# Buying a trailer-what documents should come with it?



## xmoodyxmarex (9 February 2009)

I'm looking into buying a trailer, what documents (if any) should come with the trailer? I'm pretty clueless with things like this, anything about proof of ownership/proof of age etc?

Will hassle OH with questions when he gets in, but thought I would get the ball rolling on here


----------



## Baileyhoss (9 February 2009)

i didn't get anything, but i phoned IW with the serial number and they confirmed it wasn't registered as stolen and sent me a handbook for free.


----------



## Stacie_and_Jed (9 February 2009)

I also didnt get any. 
	
	
		
		
	


	





I may call rice to see if they have mine registered.


----------



## perfect11s (9 February 2009)

You should get sellers invoice, instruction book, safety instructions, keys etc  there is no goverment registation for small trailers, but it might have  TER  registration..
 make sure it has its chassis number  and or makers plate !!! Hope this helps..


----------



## icestationzebra (9 February 2009)

I suppose it depends on the vendor and what trailer they are selling.  I am currently selling quite a 'young' trailer so have receipt from dealership, manufacturers papers, two sets of keys, Datatag registration papers so new owner can register it in their name....... I think that is it!


----------



## louisevictoria (9 February 2009)

I sold my trailer when it was 12 months old so I still had the receipt from the IW dealer, all the data registration, the maunfacturers booklet to go with it.
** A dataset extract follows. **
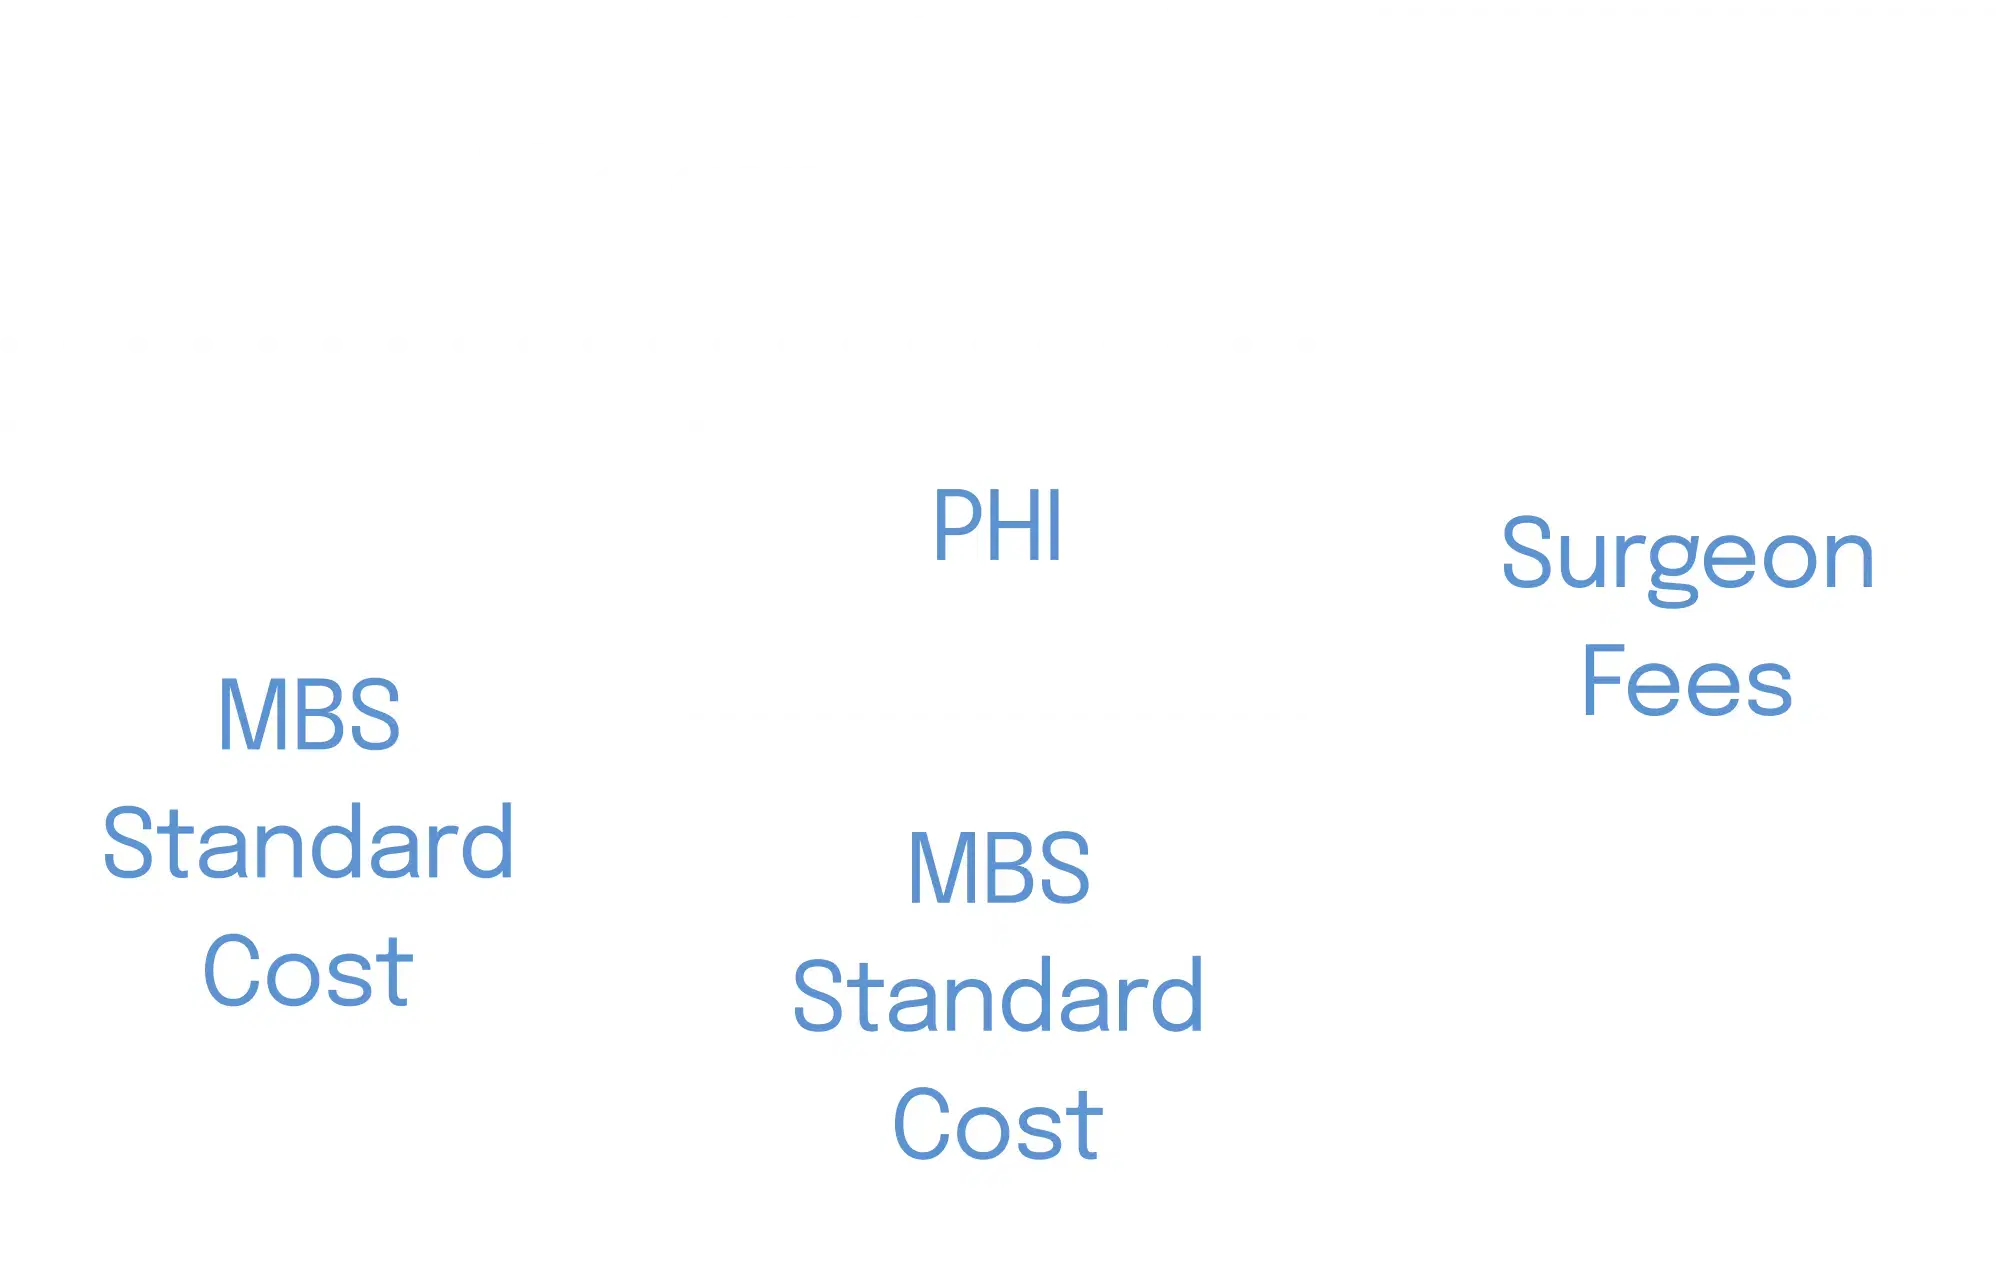 “No Gap” scheme help image

I also contacted Ifor Williams to let them know it was being sold and gave them the new owners details so it didn't get flagged as being stolen.


----------



## Chumsmum (9 February 2009)

A friend bought a second hand trailer and checked the stolen register - not on there.

However, it turns out it was stolen just not on the register!  The police have impounded the trailer and friend is trying to get her money back off the people who sold it to her but not having much luck - over £2K!

She was so worried about buying another stolen one that she bought a brand new one.


----------



## c7mlm (9 February 2009)

mine was new when i bought it, but i have a datatag, and registration card, then i can pass these on when selling it so that the new owner can register it with Ifor Williams


----------



## xmoodyxmarex (9 February 2009)

Thanks for that!!

I will definately be checking out serial numbers etc, but I have a few friends of friends who are selling, which should hopefully be the next safest (but cheaper!) option to buying new!   
	
	
		
		
	


	




 Thankyou everyone!


----------